**Instructions for the task:**
Please show every line in the entries below that includes the word "Design".

(Dataset items)
________________________
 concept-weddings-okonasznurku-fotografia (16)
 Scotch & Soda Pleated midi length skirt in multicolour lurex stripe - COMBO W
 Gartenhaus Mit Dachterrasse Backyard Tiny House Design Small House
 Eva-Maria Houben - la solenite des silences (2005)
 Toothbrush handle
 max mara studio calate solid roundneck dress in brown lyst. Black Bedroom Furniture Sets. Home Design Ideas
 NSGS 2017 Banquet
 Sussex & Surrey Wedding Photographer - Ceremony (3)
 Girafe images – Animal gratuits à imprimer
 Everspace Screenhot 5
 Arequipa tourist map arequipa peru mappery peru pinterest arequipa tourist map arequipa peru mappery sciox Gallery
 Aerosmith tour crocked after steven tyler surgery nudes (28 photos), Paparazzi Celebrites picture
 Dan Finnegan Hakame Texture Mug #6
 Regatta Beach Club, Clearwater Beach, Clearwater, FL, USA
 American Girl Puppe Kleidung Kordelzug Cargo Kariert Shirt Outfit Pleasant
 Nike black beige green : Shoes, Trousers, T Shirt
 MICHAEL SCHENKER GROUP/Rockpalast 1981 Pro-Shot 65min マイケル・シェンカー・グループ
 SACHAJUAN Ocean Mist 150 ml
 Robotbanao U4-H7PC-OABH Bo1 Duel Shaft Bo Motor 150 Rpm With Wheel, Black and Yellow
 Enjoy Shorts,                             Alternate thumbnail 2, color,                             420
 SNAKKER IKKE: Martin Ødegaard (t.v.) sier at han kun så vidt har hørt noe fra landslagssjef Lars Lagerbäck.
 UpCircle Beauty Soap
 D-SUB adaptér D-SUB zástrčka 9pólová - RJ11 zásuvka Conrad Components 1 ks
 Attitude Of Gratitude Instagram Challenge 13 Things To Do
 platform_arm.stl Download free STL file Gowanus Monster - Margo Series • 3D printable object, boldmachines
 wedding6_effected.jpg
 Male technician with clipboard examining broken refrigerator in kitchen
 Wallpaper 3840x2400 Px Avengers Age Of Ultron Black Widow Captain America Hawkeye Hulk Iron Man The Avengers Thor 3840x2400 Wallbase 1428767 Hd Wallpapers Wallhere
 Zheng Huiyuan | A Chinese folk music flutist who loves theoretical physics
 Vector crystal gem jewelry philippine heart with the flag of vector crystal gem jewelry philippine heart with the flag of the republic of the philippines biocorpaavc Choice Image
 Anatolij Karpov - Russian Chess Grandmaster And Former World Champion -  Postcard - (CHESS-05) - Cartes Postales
________________________
**Output below:**
 Gartenhaus Mit Dachterrasse Backyard Tiny House Design Small House
 max mara studio calate solid roundneck dress in brown lyst. Black Bedroom Furniture Sets. Home Design Ideas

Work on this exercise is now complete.